───── Task inputs ─────

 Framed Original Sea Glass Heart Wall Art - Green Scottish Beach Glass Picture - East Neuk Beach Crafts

─────
───── Task inputs ─────

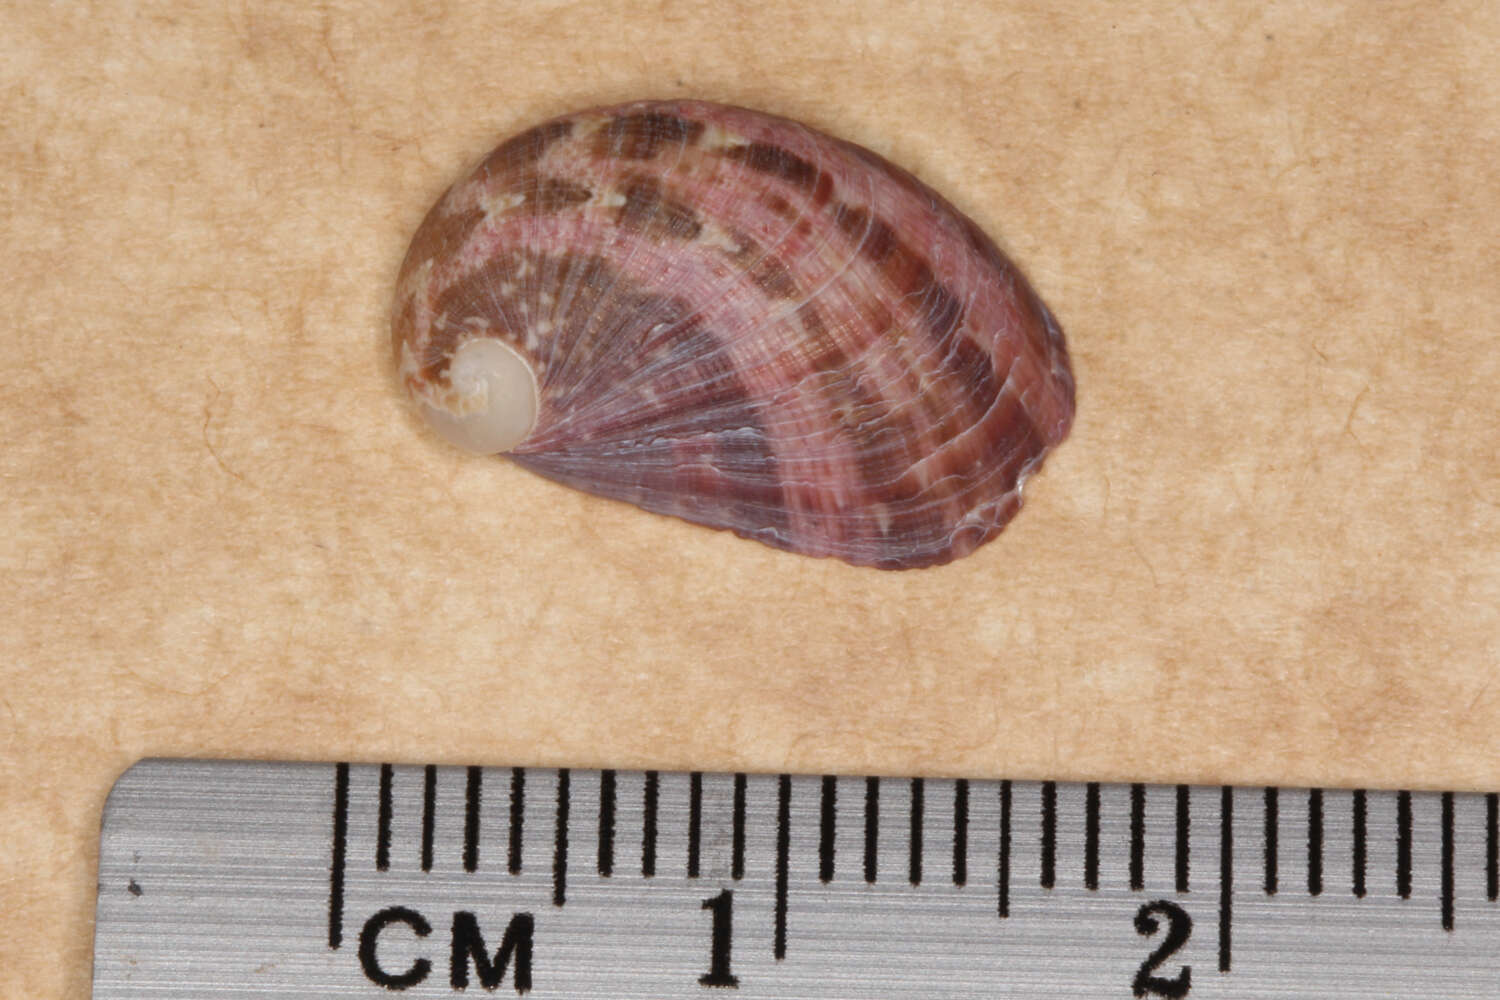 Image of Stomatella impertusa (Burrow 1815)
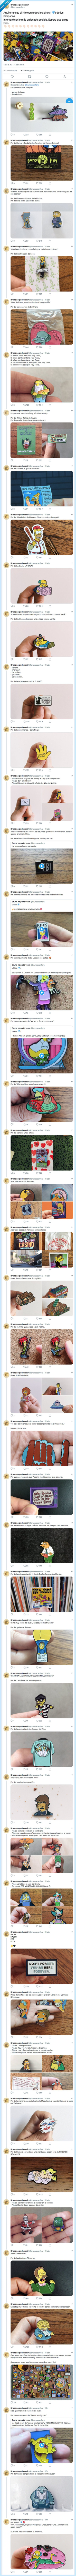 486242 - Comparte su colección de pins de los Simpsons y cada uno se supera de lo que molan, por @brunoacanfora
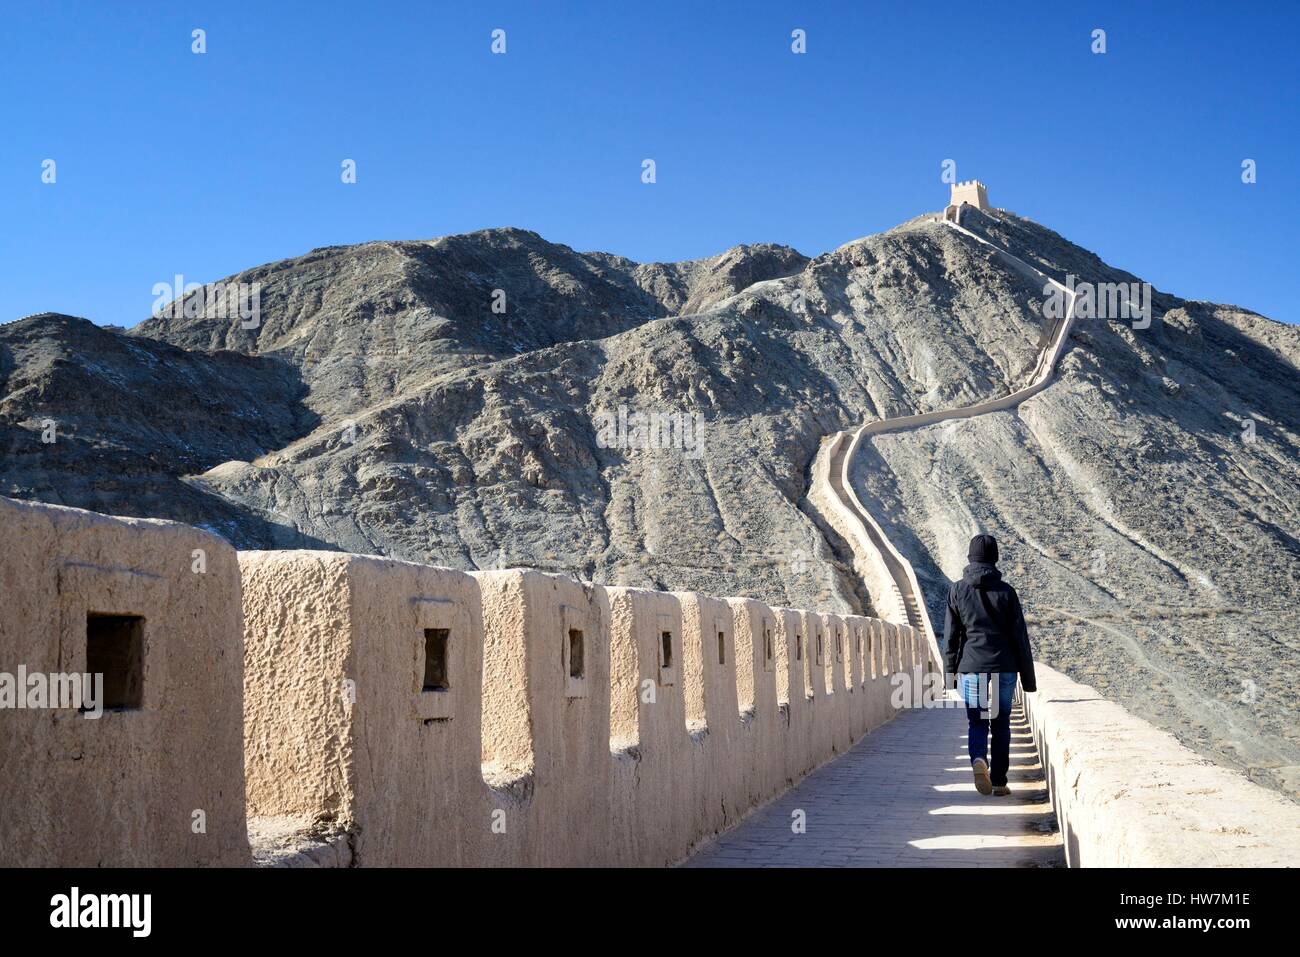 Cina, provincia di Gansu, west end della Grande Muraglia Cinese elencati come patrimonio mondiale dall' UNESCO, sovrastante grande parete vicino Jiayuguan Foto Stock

─────

## Task objective
All pictures are to be skipped. Output, word for word, the lines in the data above starting at the line containing "486242 - Comparte" and ending at the line containing "Cina, provincia di".

## Task output
 486242 - Comparte su colección de pins de los Simpsons y cada uno se supera de lo que molan, por @brunoacanfora
 Cina, provincia di Gansu, west end della Grande Muraglia Cinese elencati come patrimonio mondiale dall' UNESCO, sovrastante grande parete vicino Jiayuguan Foto Stock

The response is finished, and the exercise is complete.